Check the documentation at lurado.github.io/LLDO for a complete list.

Custom Helpers

Helpers need to be extensions on existing classes (see (lldb) help load_swift_file for details). You can develop them like any other code in a Xcode project.

  1. Run an application and pause it to start LLDB
  2. Use the load_swift_file command to load the file
  3. Call your helpers
  4. Adjust the implementation
  5. GOTO 1 (unfortunately loading a files twice in a LLDB session results in duplicate symbols)

⚠️ Do NOT add these files to your target!
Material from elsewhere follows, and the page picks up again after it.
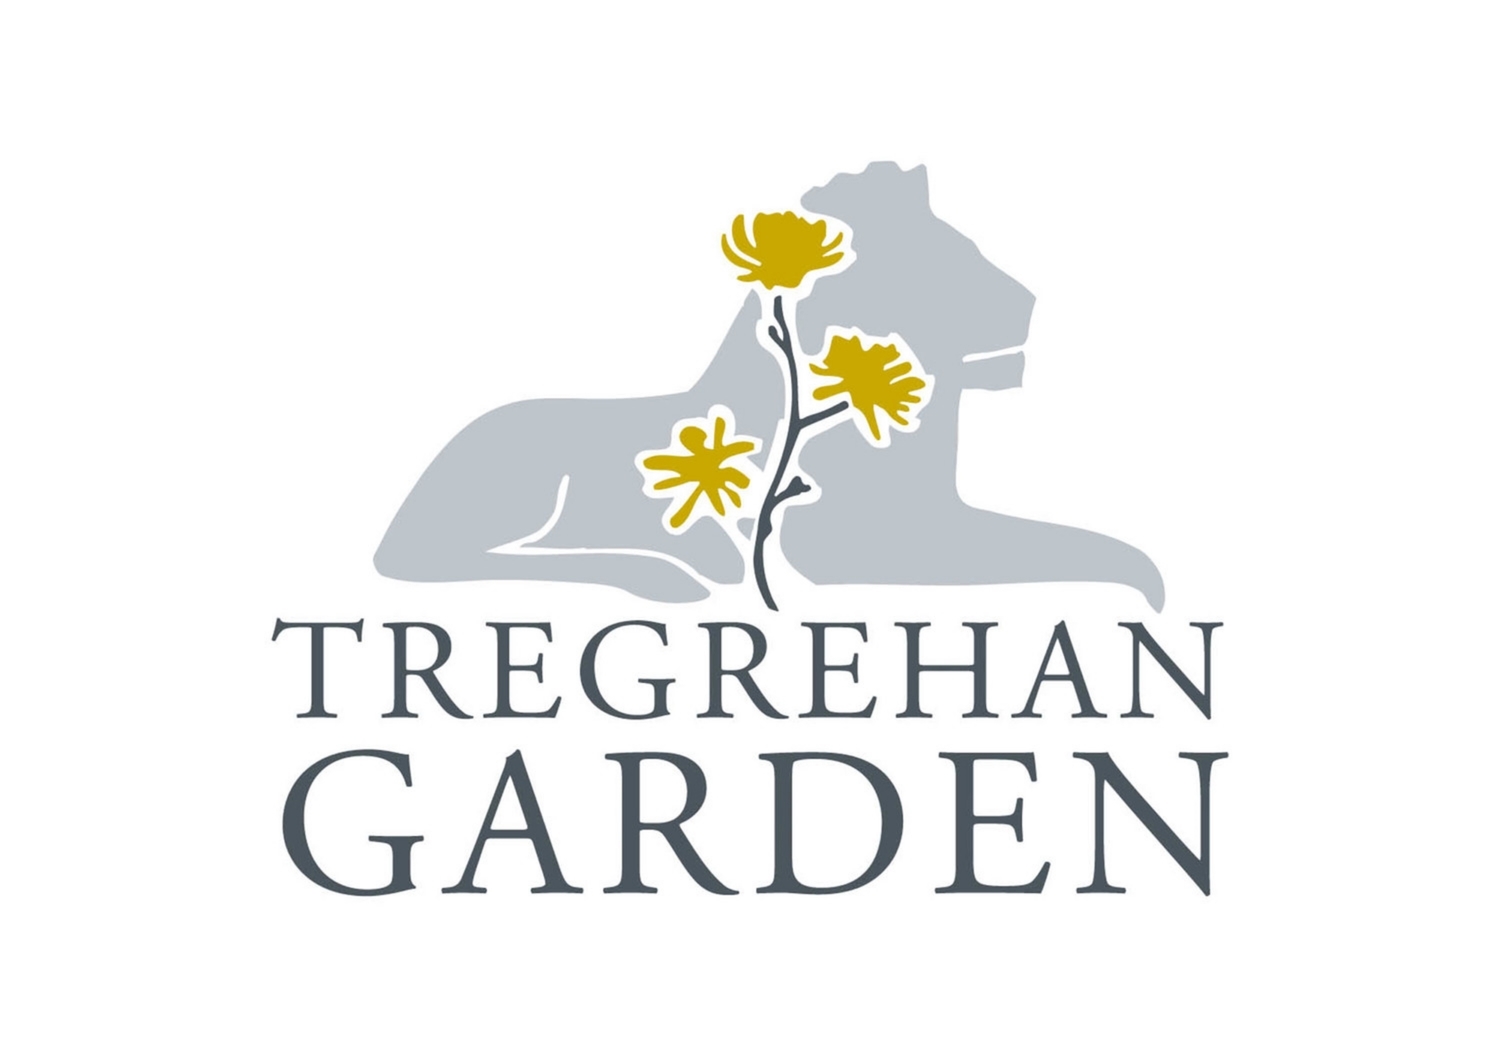 Tregrehan Garden Cornwall

Helpers commonly contain code that you would never write in your production app. For debugging it’s fine though.

Automation Actions

LLDO actions are simple Swift files that contain a series of commands. Each file corresponds to an action of the same name, for example login.swift will be turned into a login action.
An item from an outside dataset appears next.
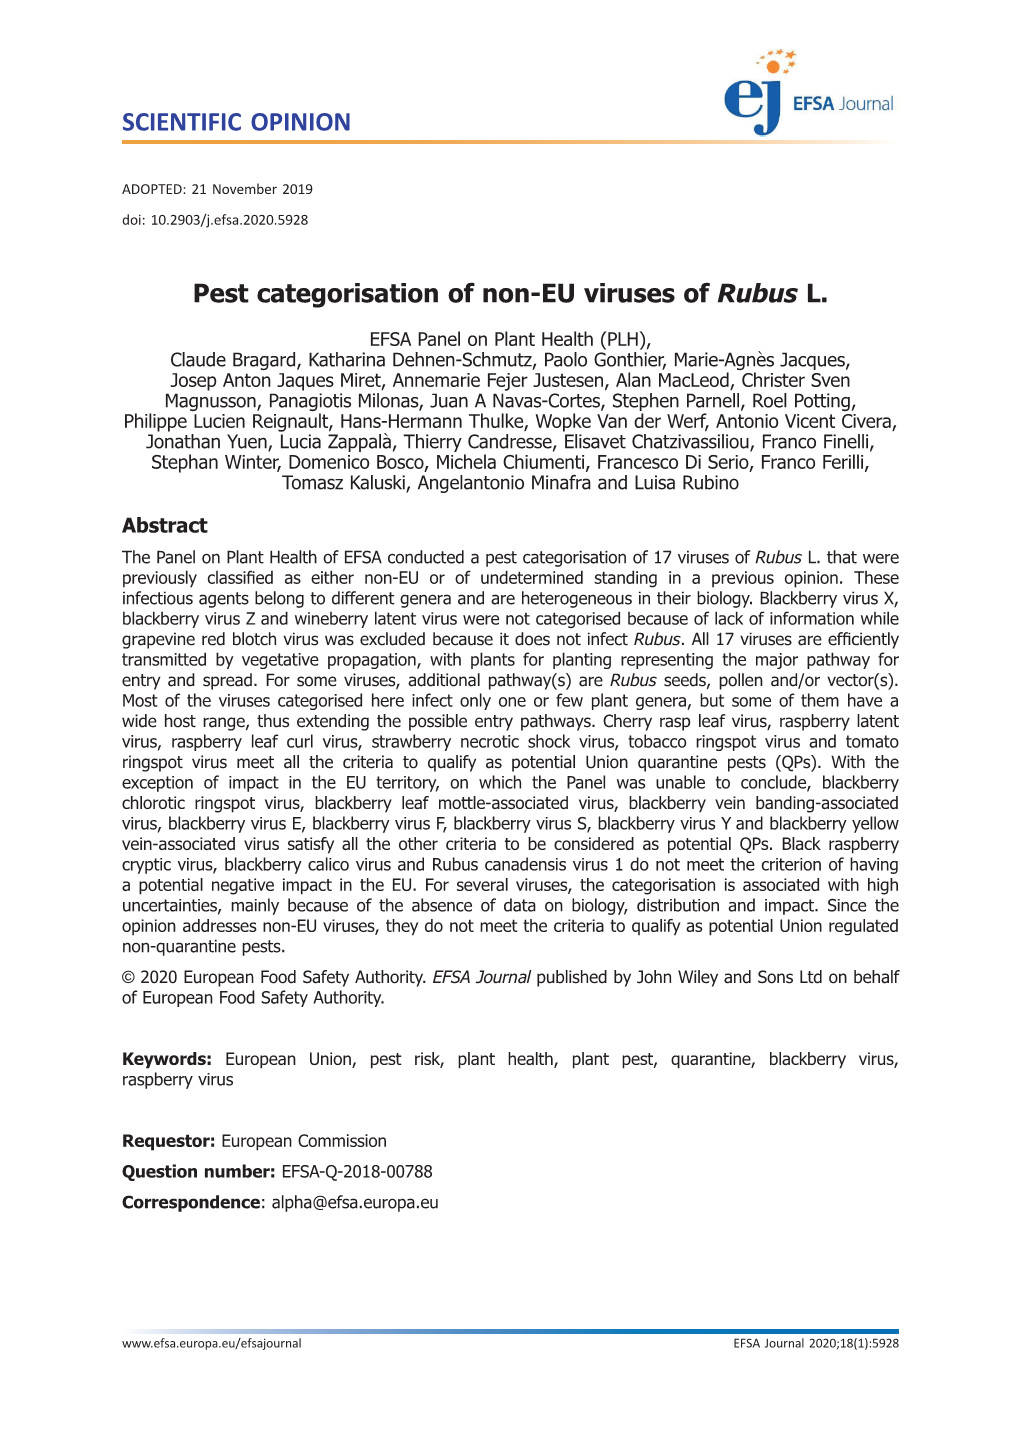 Pest Categorisation of Non-EU Viruses of Rubus L

To load all actions in a folder, use the lldo or load_lldo_actions commands. By default these commands look for a lldo_actions folder, located next to the source file of the current breakpoint.

⚠️ Again, do NOT add these files to your target either! They are for debugging purpose only and should not be shipped with your app.

Setup and Usage

To not have to manually import the path to LLDO in every LLDB session, add the following line to your ~/.lldbinit:

command script import /path/to/LLDO

This always loads LLDO’s LLDB commands and makes them available in every project.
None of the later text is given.